» **PROBLEM DETAILS**:
Write out the data below exactly as given, without any of its pictures.

» **PROVIDED MATERIAL**:
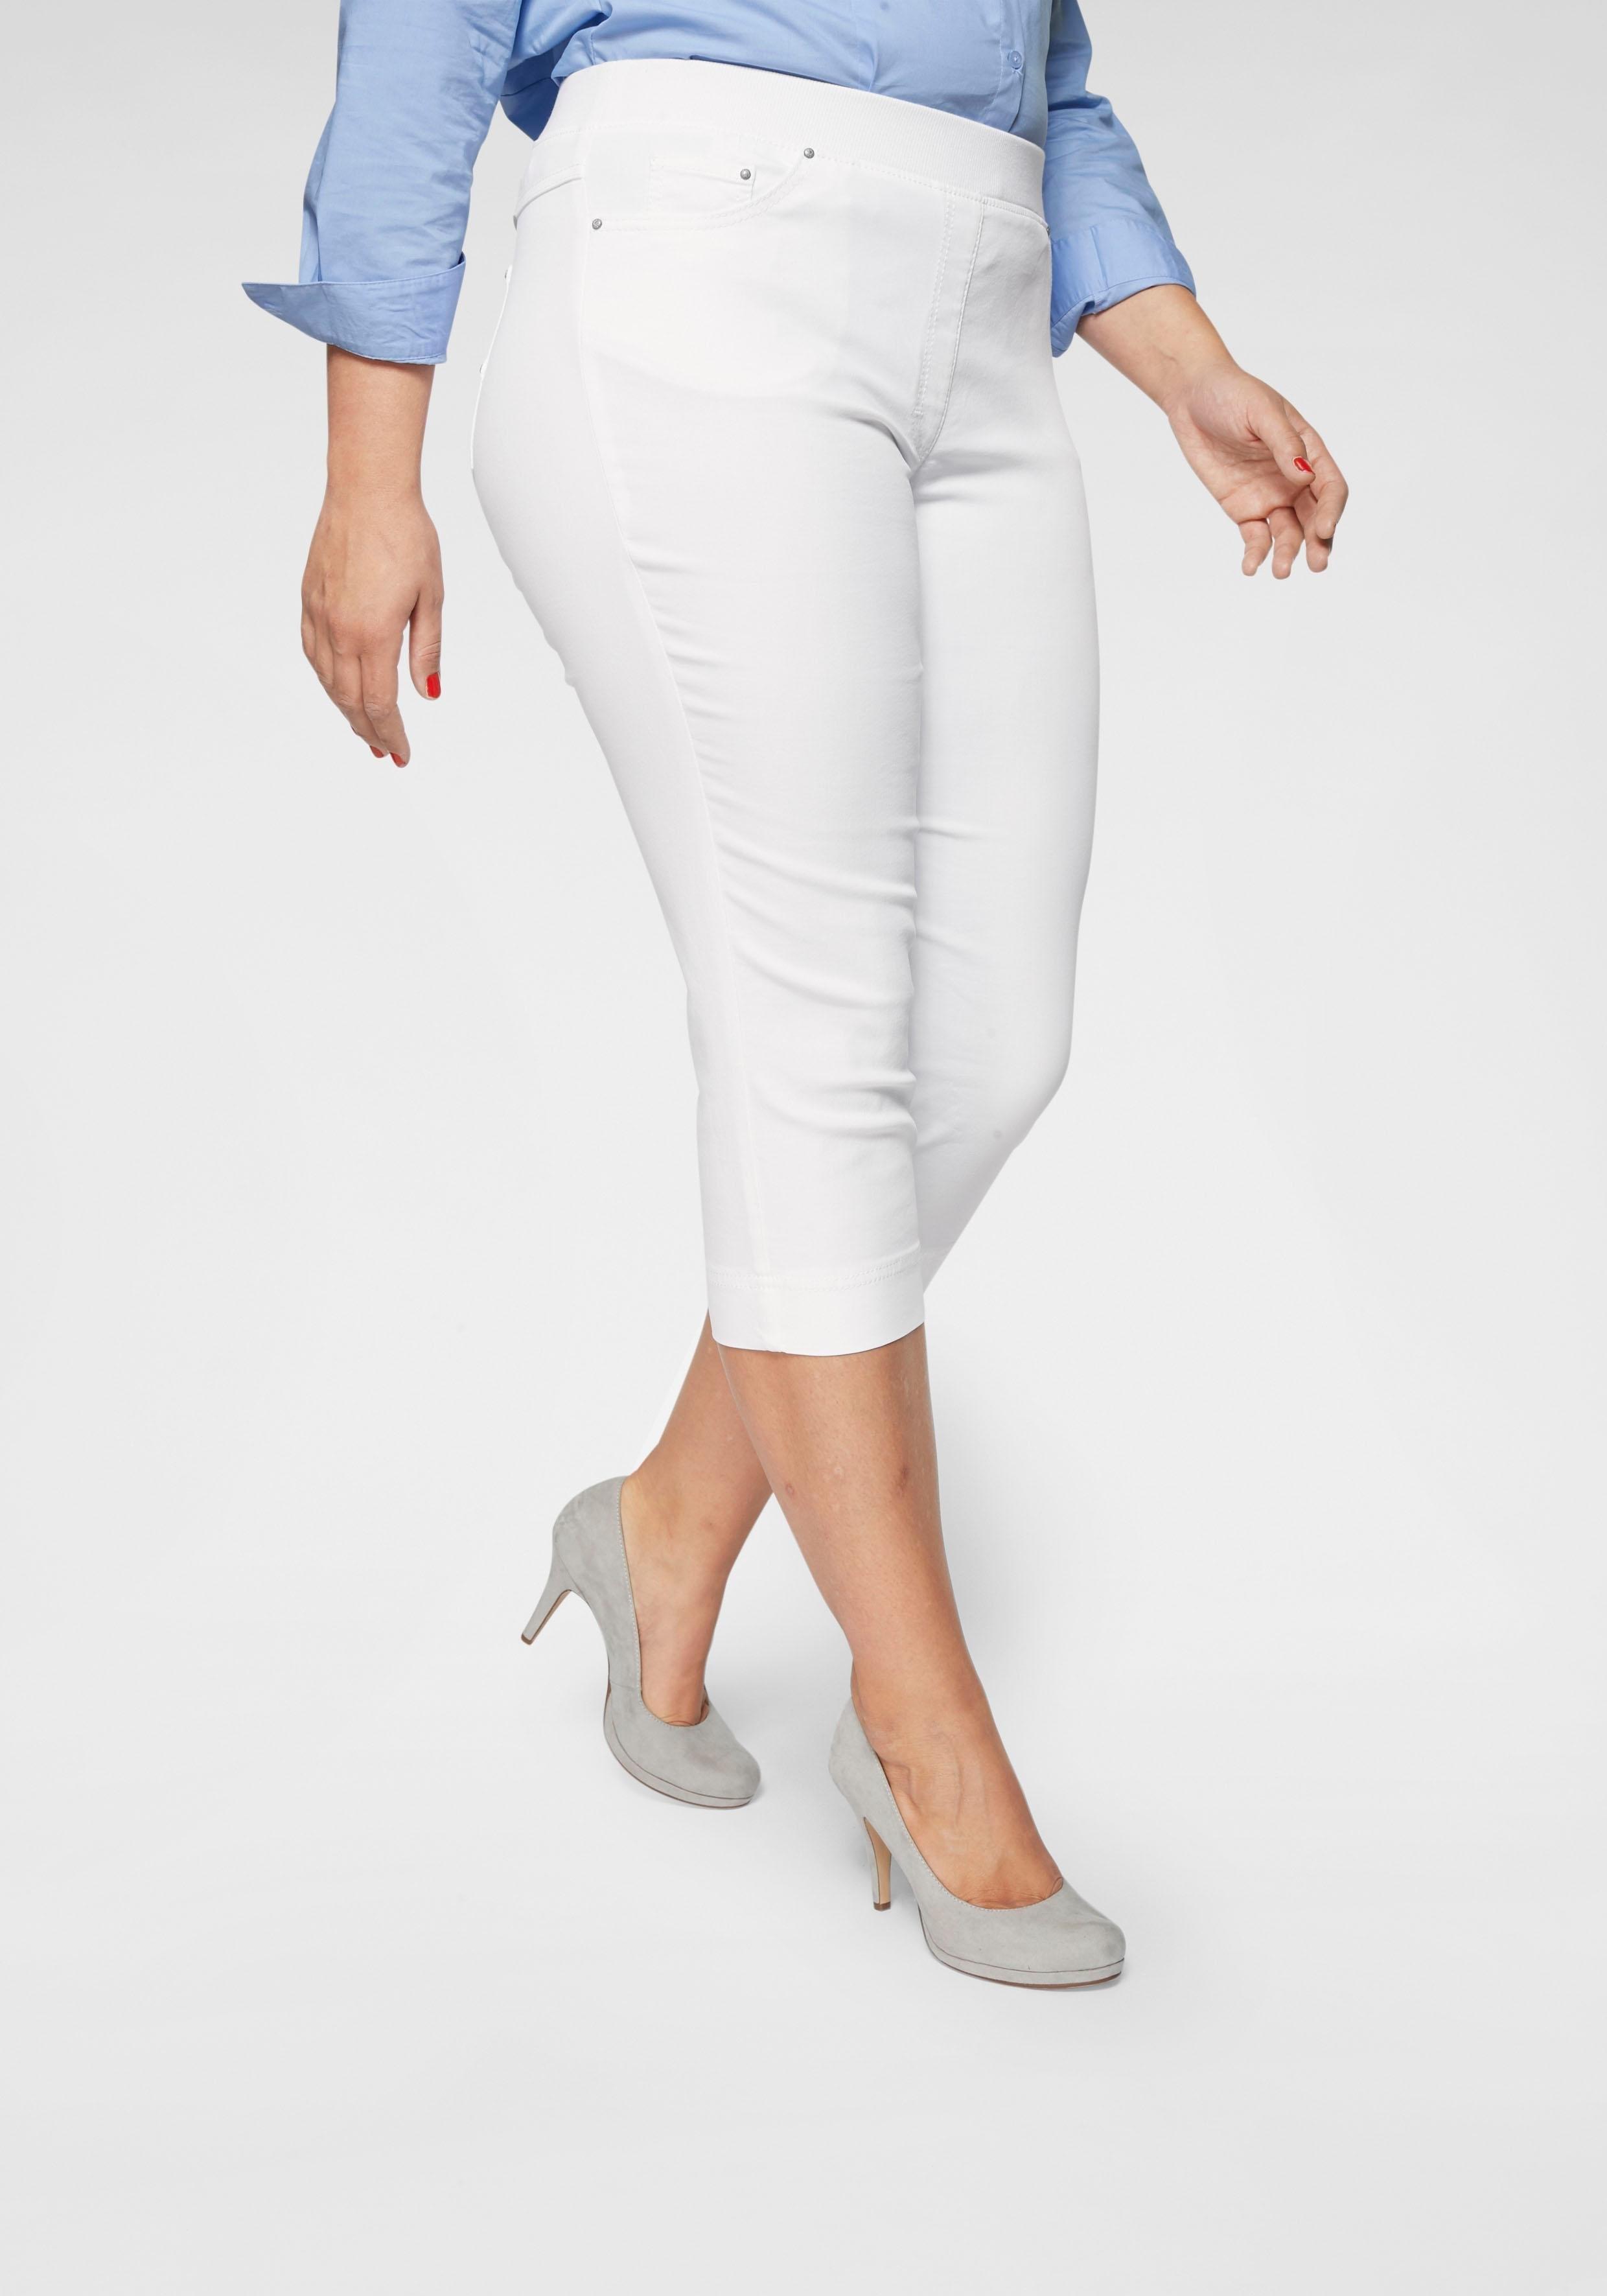 Raphaela By Brax capri jeans »Pamoma« voordelig en veilig online kopen
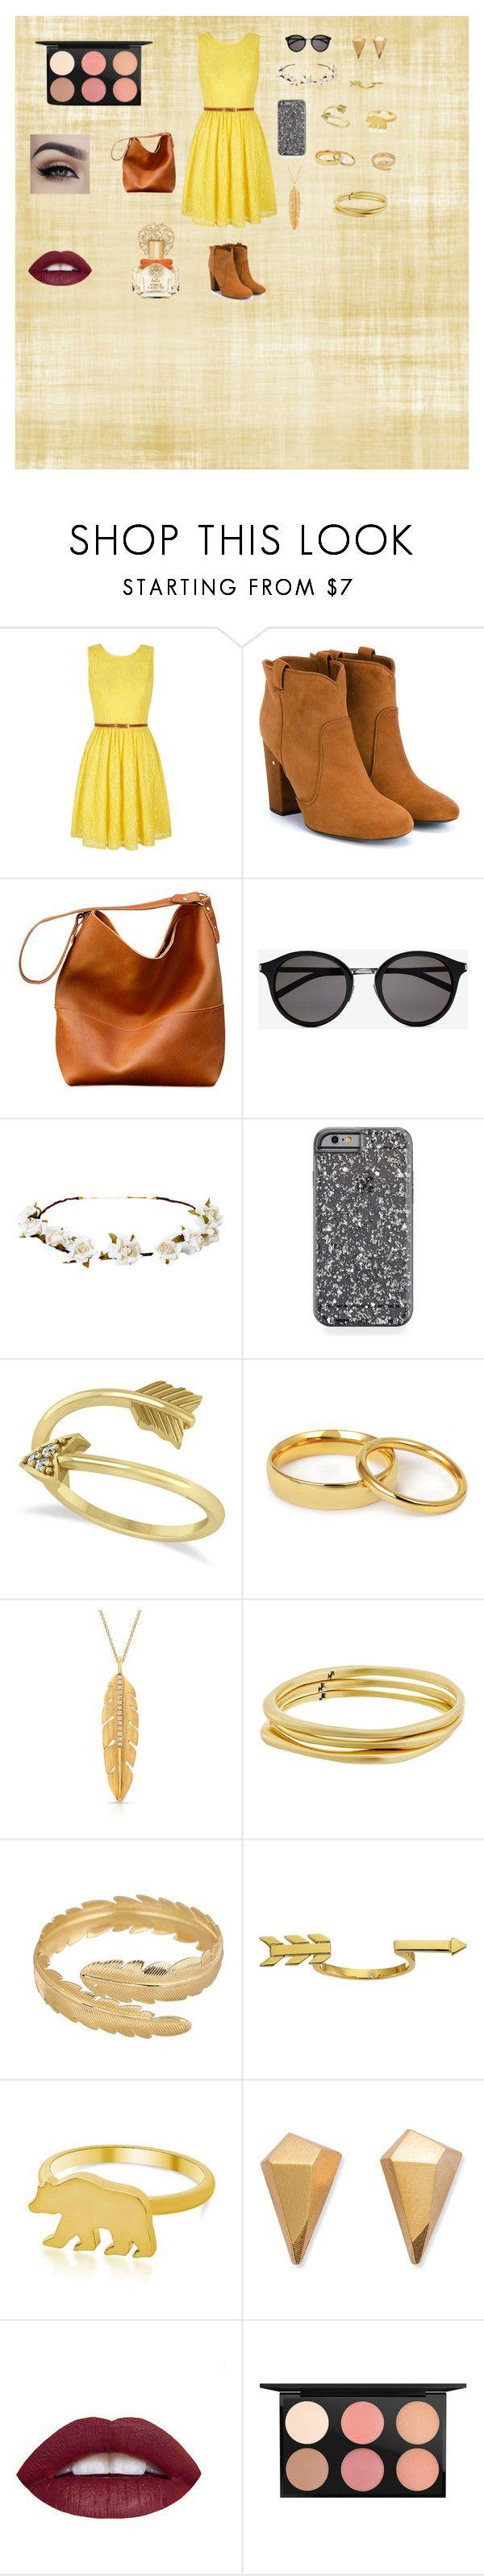 moda amarilla by maryleyma on Polyvore featuring Belleza, MAC Cosmetics, Vince Camuto, Yves Saint Laurent, Cult Gaia, Allurez, Karen Kane, George & Laurel, Gorjana and Yumi
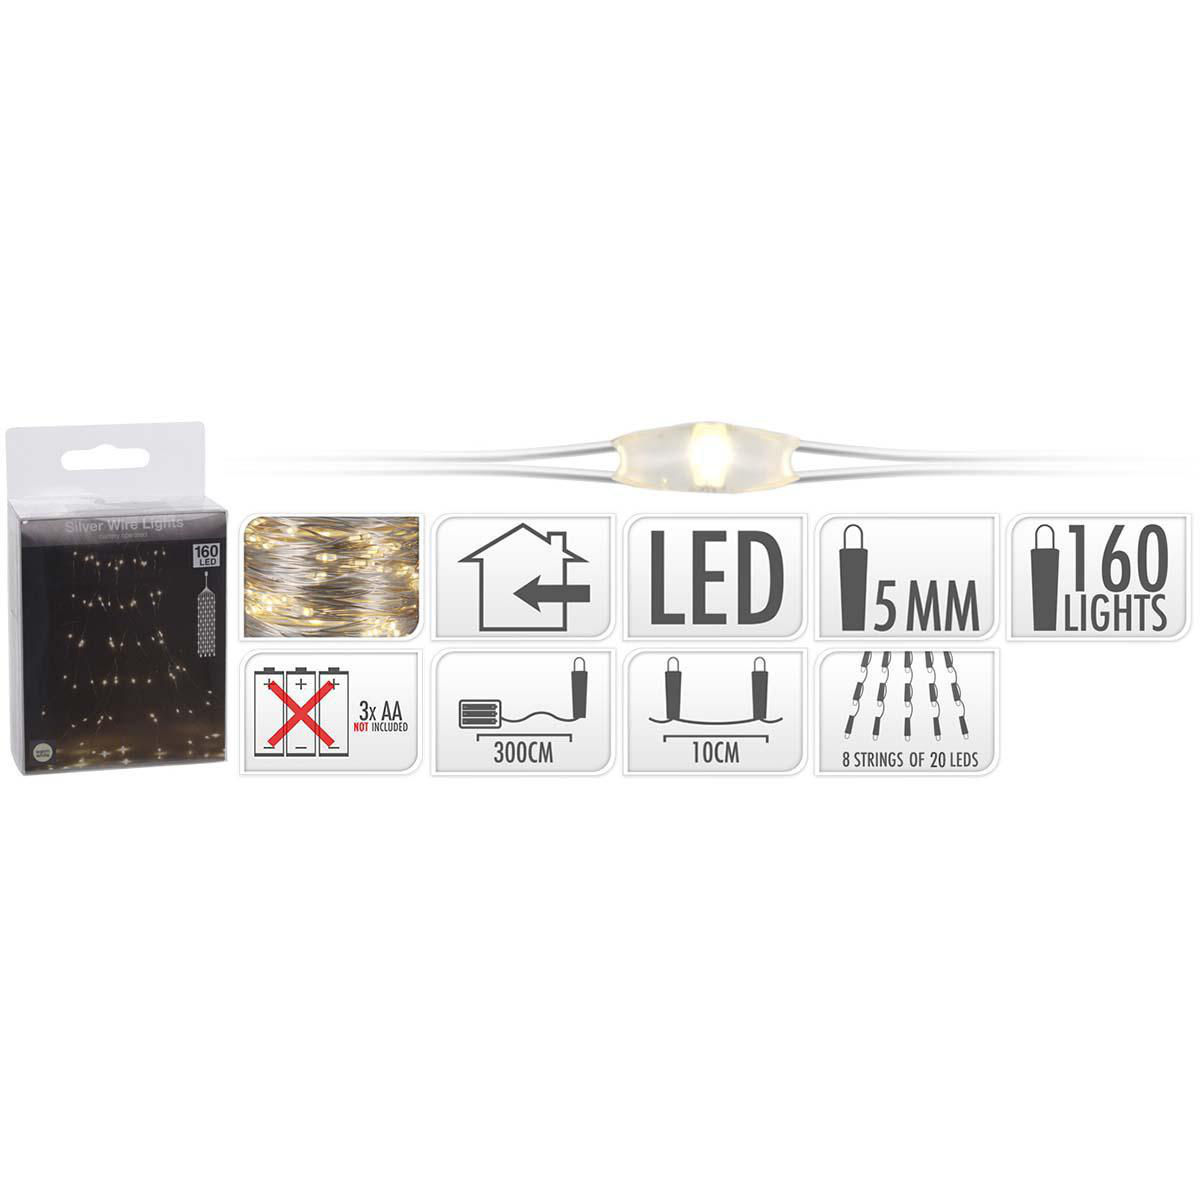 silberdraht-beleuchtung-160led
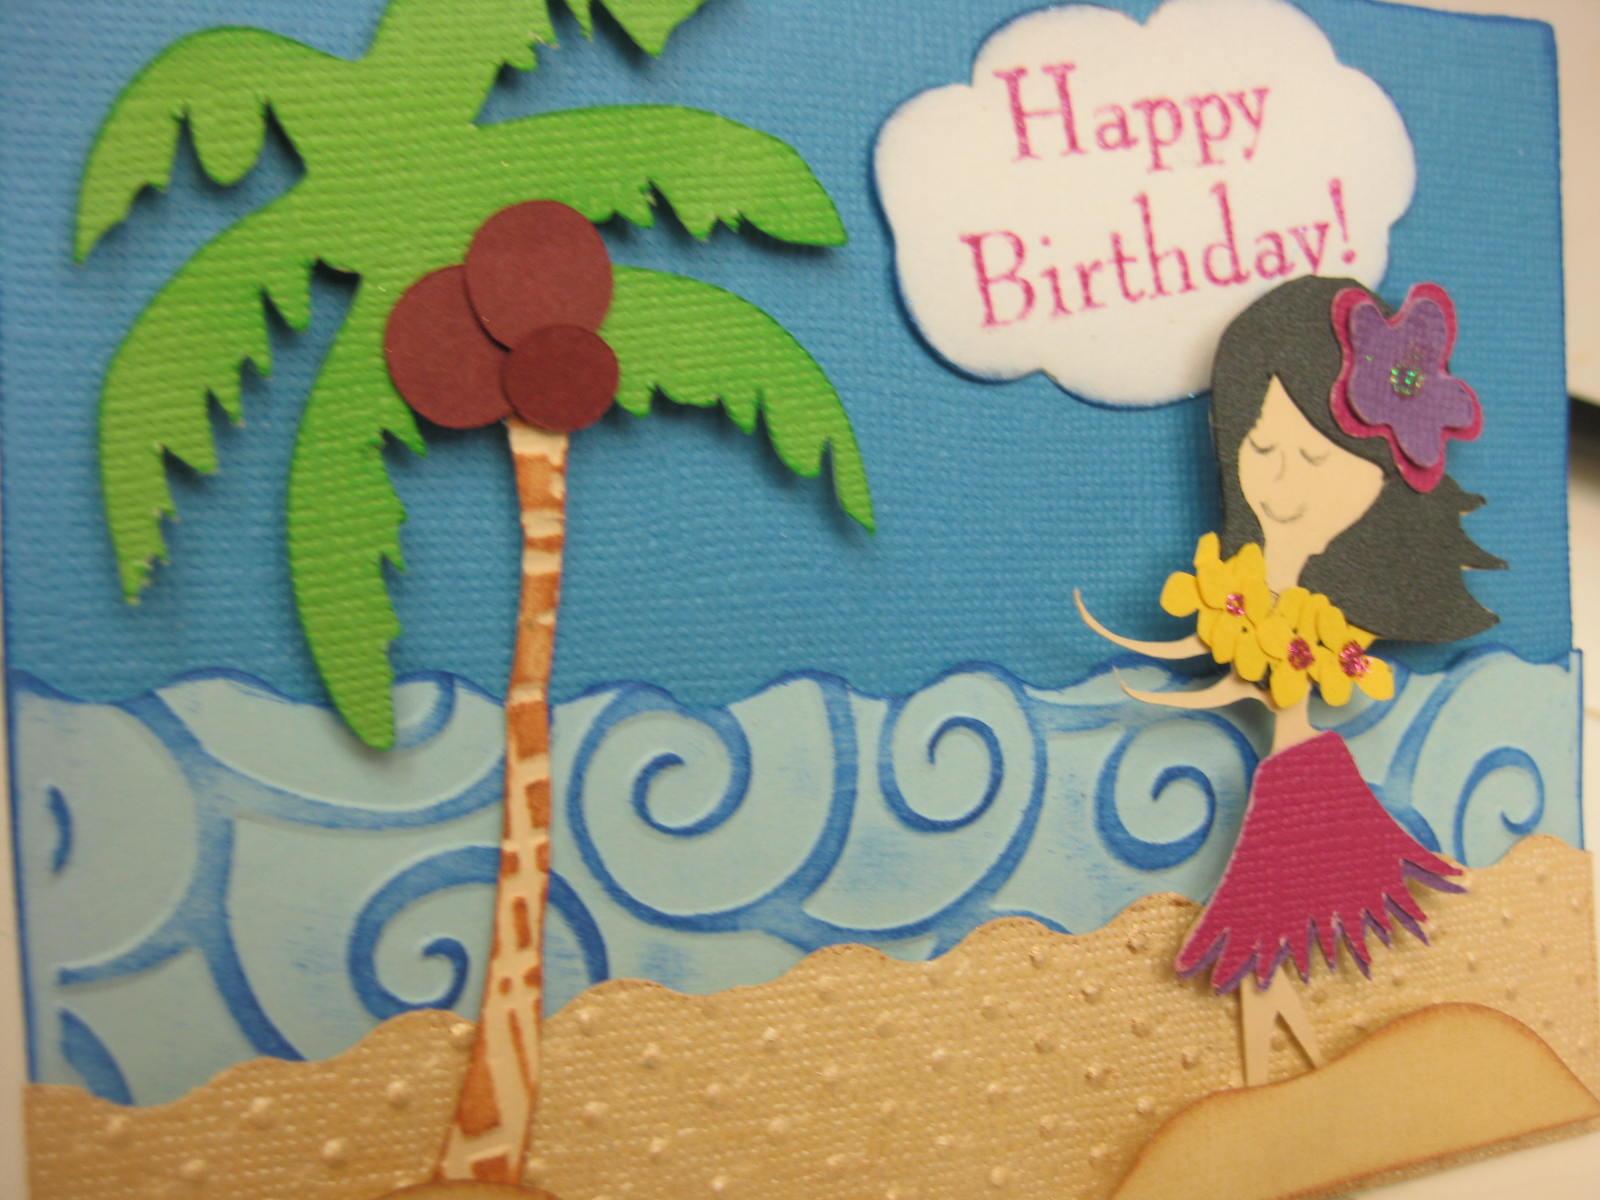 spontaneously us hawaii themed birthday card, Birthday card

» **SOLUTION FOR THIS TASK**:
 Raphaela By Brax capri jeans »Pamoma« voordelig en veilig online kopen
 moda amarilla by maryleyma on Polyvore featuring Belleza, MAC Cosmetics, Vince Camuto, Yves Saint Laurent, Cult Gaia, Allurez, Karen Kane, George & Laurel, Gorjana and Yumi
 silberdraht-beleuchtung-160led
 spontaneously us hawaii themed birthday card, Birthday card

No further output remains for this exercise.